- _Problem to solve_
Transcribe the listing verbatim, please, with images dropped.

- _Data shown_
━━━━━━━━━━━━━━━━━━━━
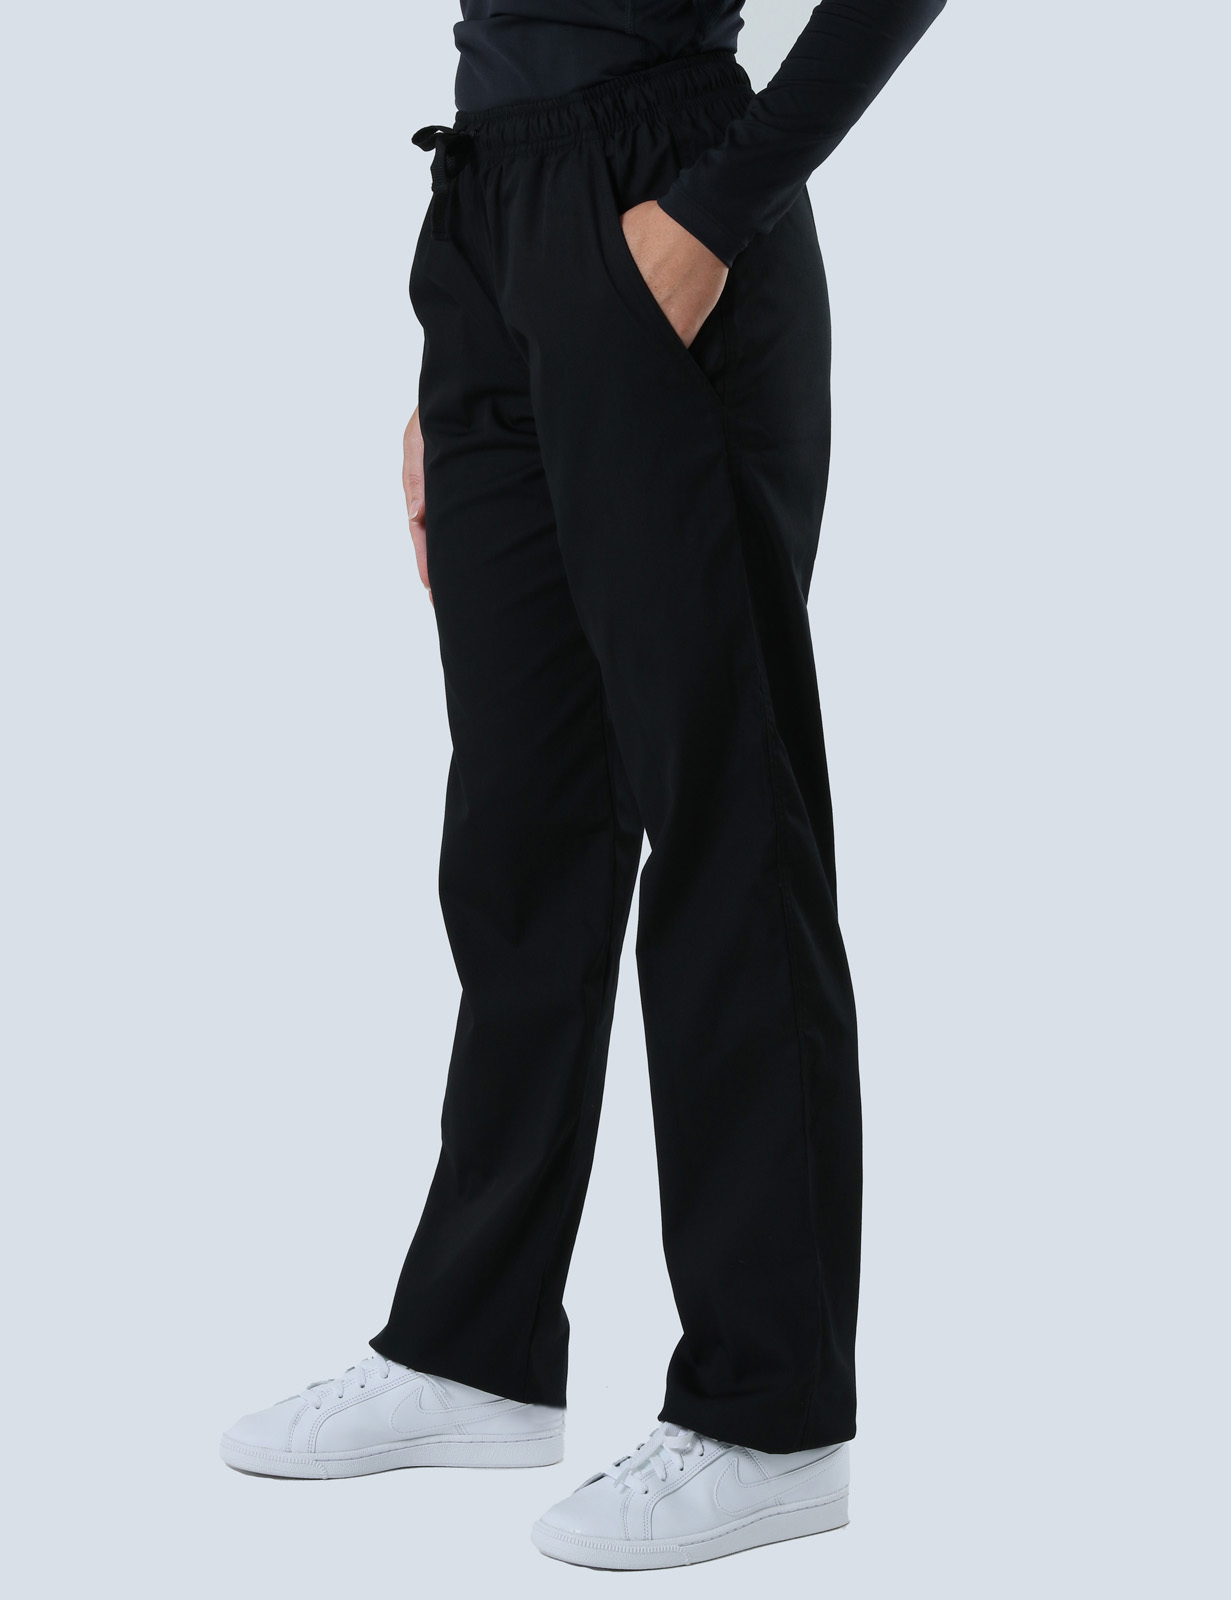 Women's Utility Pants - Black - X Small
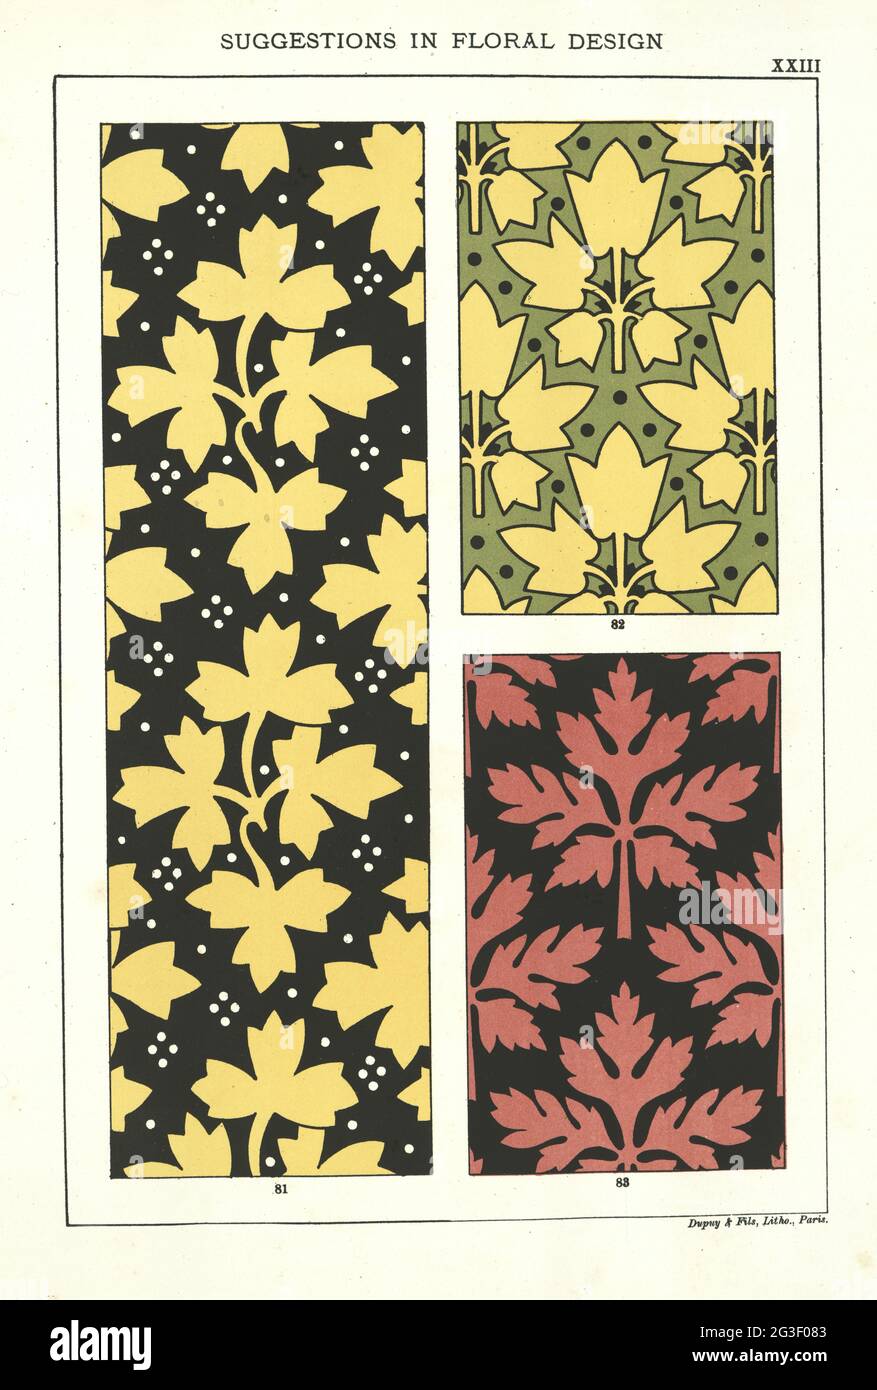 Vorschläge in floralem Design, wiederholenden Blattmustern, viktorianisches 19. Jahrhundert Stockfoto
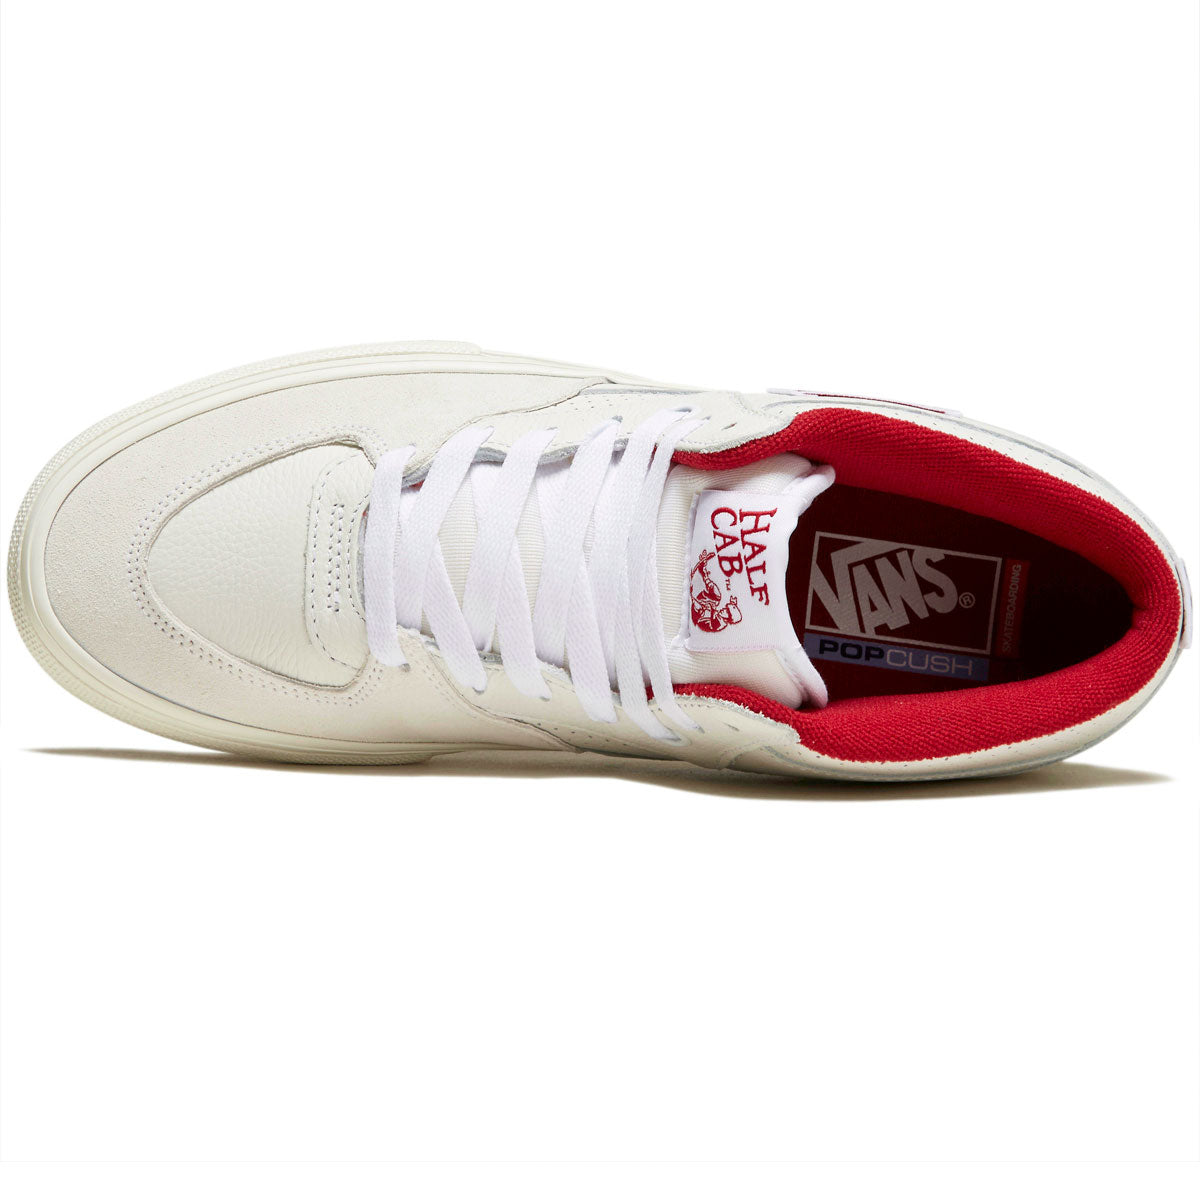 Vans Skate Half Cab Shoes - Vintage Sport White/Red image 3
━━━━━━━━━━━━━━━━━━━━
- _Your response_
 Women's Utility Pants - Black - X Small
 Vorschläge in floralem Design, wiederholenden Blattmustern, viktorianisches 19. Jahrhundert Stockfoto
 Vans Skate Half Cab Shoes - Vintage Sport White/Red image 3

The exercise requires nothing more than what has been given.